Exercise>
Your copy should match the listing below exactly, except that it holds no images.

Data section>
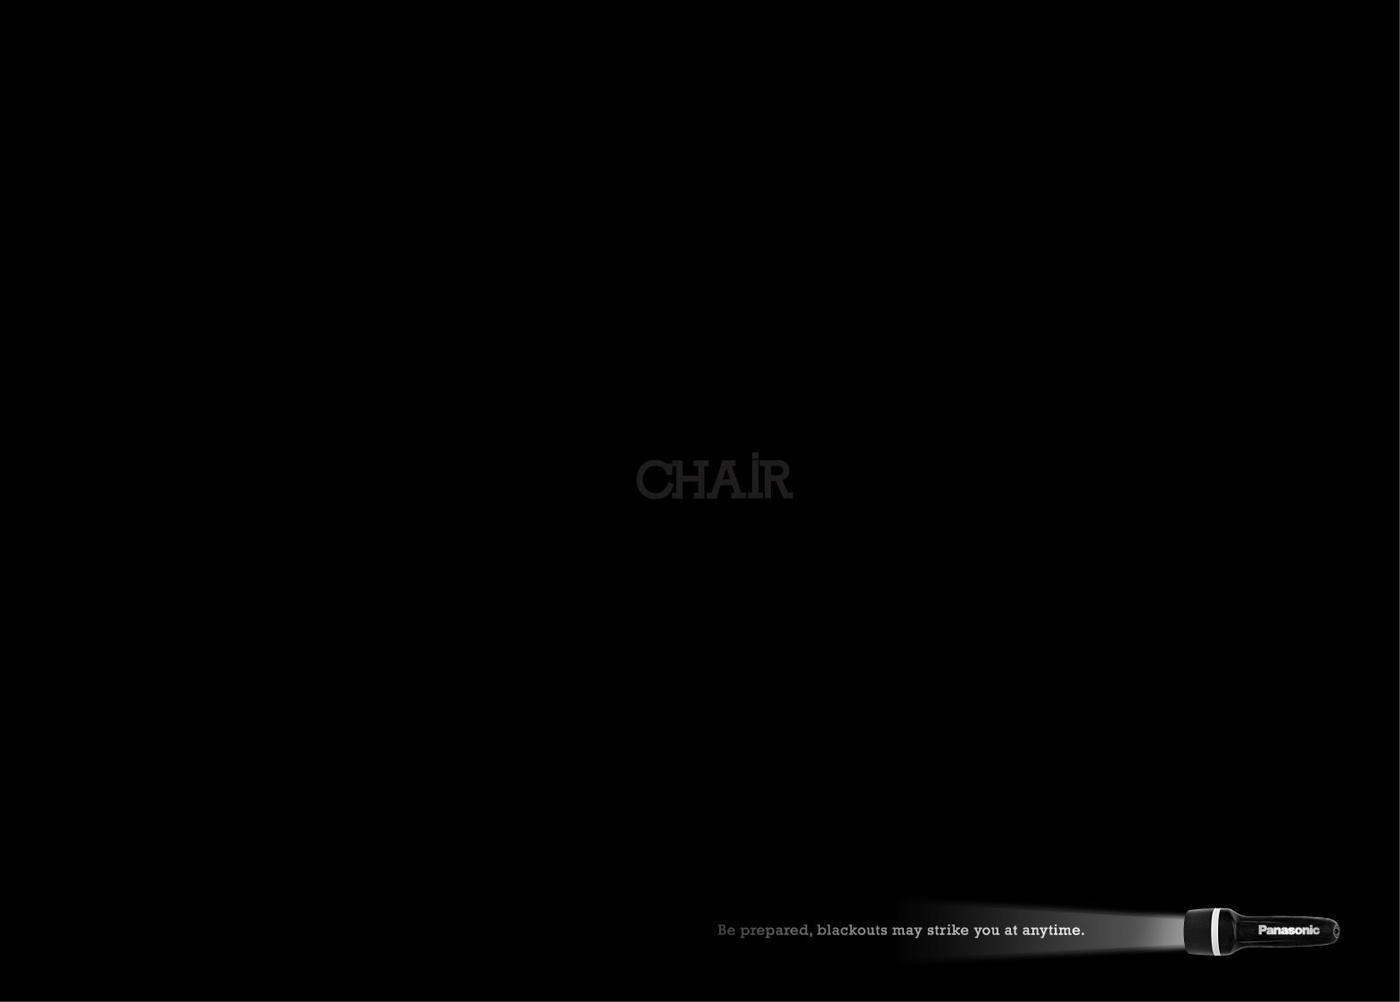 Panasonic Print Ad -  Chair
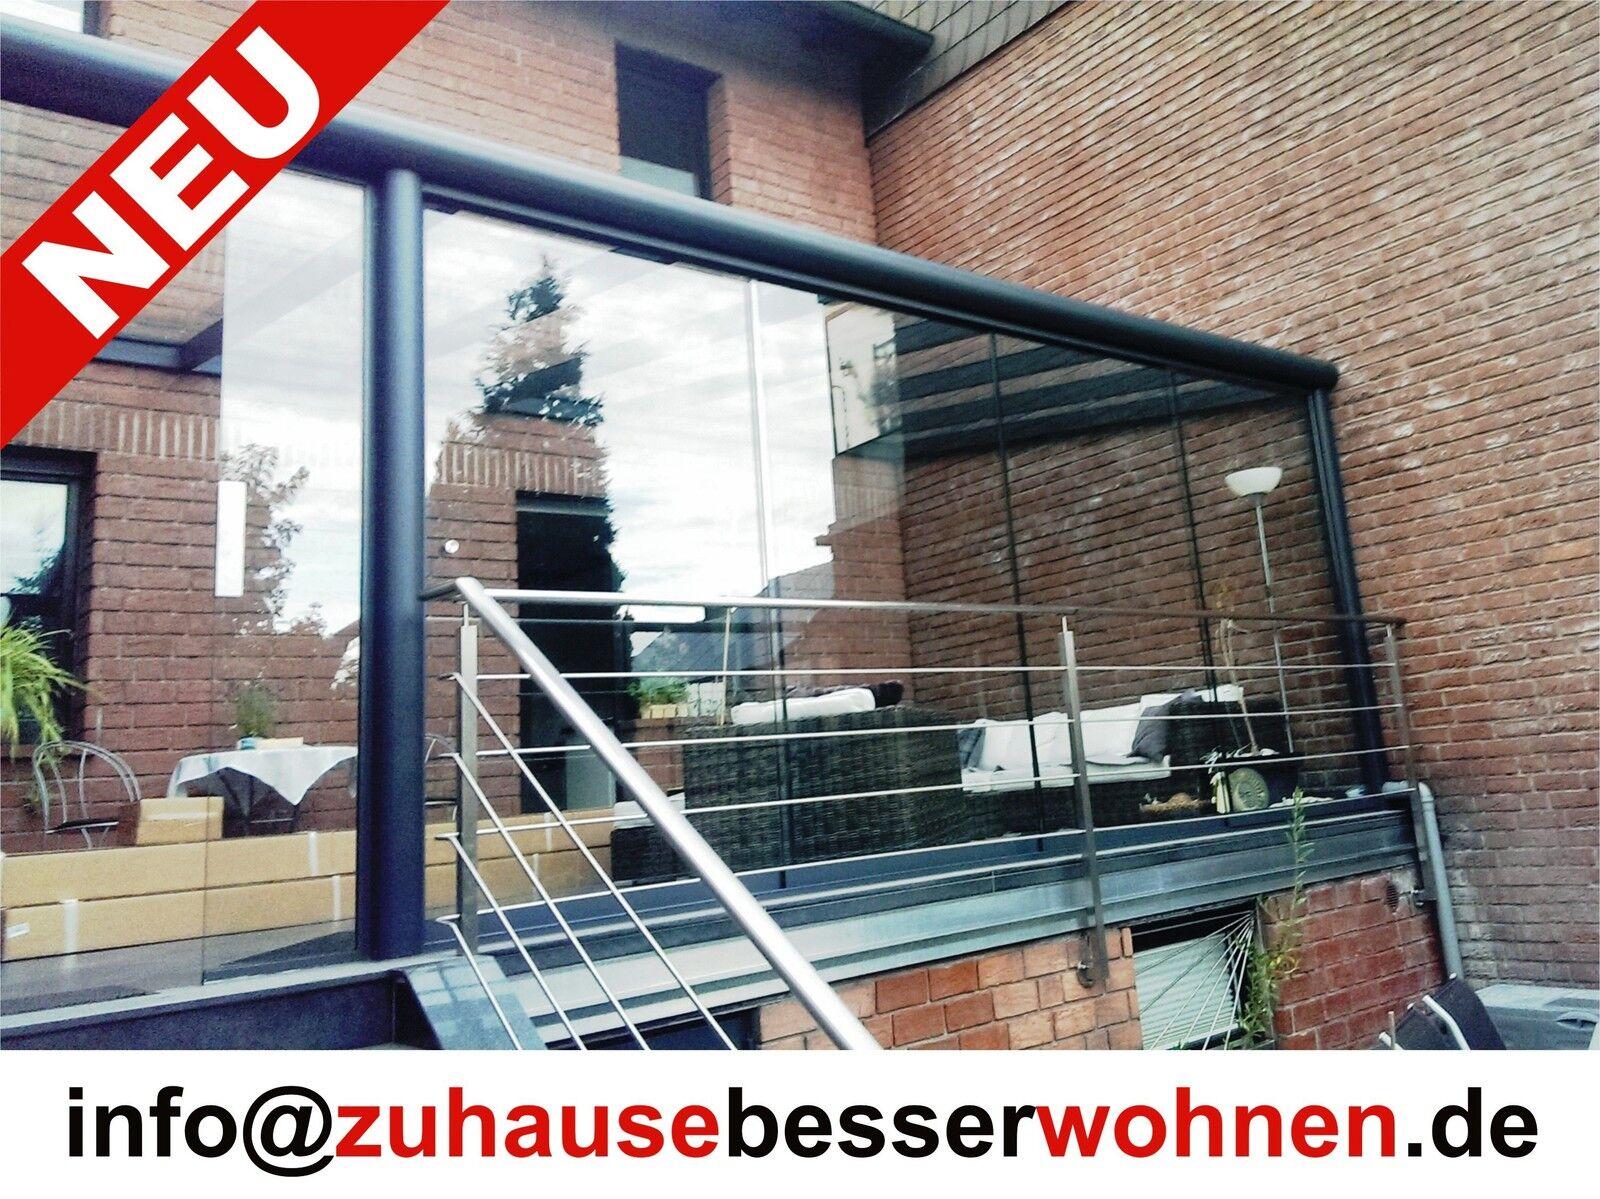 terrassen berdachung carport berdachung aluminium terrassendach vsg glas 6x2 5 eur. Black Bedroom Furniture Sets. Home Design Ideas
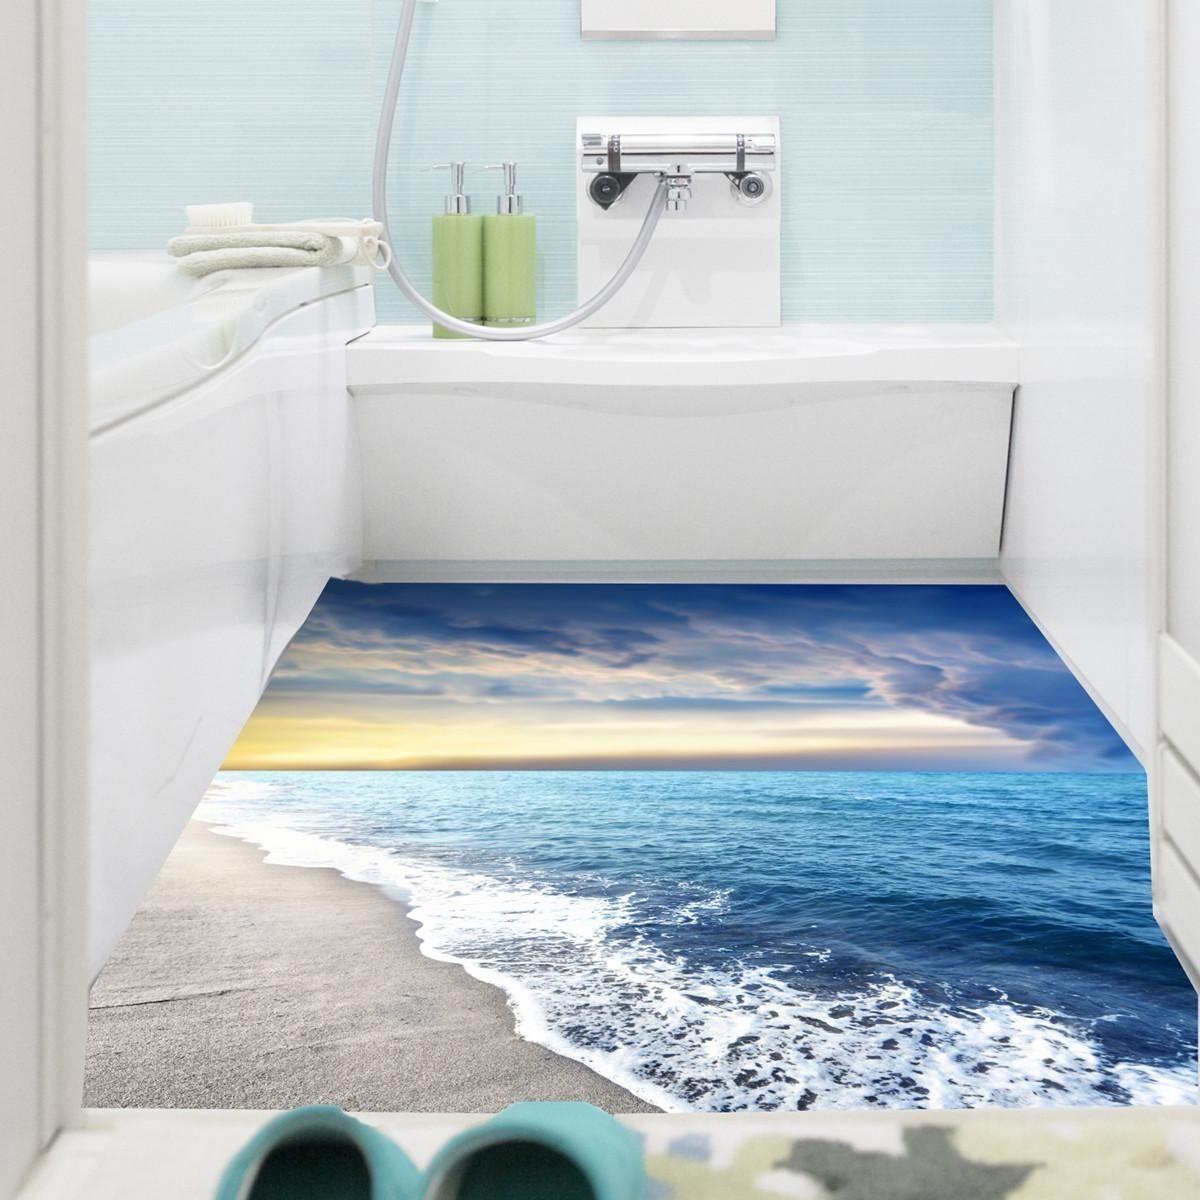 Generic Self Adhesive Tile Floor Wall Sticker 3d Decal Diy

Exercise result>
 Panasonic Print Ad -  Chair
 terrassen berdachung carport berdachung aluminium terrassendach vsg glas 6x2 5 eur. Black Bedroom Furniture Sets. Home Design Ideas
 Generic Self Adhesive Tile Floor Wall Sticker 3d Decal Diy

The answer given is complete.